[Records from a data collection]
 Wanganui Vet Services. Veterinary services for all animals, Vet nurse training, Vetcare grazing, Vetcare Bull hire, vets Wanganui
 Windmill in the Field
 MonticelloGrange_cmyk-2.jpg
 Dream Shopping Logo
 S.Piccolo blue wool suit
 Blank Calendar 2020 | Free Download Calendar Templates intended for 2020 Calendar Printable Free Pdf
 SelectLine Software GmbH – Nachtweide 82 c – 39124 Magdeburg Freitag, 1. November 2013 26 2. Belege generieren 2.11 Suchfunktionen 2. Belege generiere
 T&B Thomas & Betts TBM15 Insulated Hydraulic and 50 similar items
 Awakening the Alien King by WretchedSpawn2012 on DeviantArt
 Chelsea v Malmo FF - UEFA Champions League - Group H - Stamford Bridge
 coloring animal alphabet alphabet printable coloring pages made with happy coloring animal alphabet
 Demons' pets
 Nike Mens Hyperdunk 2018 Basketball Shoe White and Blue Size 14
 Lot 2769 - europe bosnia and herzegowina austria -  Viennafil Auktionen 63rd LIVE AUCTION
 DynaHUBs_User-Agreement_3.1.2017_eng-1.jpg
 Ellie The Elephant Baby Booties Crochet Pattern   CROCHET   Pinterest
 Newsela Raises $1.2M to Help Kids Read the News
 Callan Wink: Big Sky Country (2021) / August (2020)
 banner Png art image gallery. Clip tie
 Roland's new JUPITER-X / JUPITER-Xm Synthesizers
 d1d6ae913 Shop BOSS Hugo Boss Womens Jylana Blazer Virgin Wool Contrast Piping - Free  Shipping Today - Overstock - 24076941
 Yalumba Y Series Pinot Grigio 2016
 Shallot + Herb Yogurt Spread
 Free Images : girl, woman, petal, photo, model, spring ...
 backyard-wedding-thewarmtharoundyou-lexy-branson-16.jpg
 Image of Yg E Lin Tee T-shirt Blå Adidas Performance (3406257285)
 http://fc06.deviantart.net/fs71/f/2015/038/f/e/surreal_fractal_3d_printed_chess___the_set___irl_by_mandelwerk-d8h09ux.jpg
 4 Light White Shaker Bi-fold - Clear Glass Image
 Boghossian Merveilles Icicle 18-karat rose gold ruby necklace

YOUR INSTRUCTIONS:
Where does the word "Free" occur in the data? Copy every line that has it.

THE ANSWER:
 Blank Calendar 2020 | Free Download Calendar Templates intended for 2020 Calendar Printable Free Pdf
 d1d6ae913 Shop BOSS Hugo Boss Womens Jylana Blazer Virgin Wool Contrast Piping - Free  Shipping Today - Overstock - 24076941
 Free Images : girl, woman, petal, photo, model, spring ...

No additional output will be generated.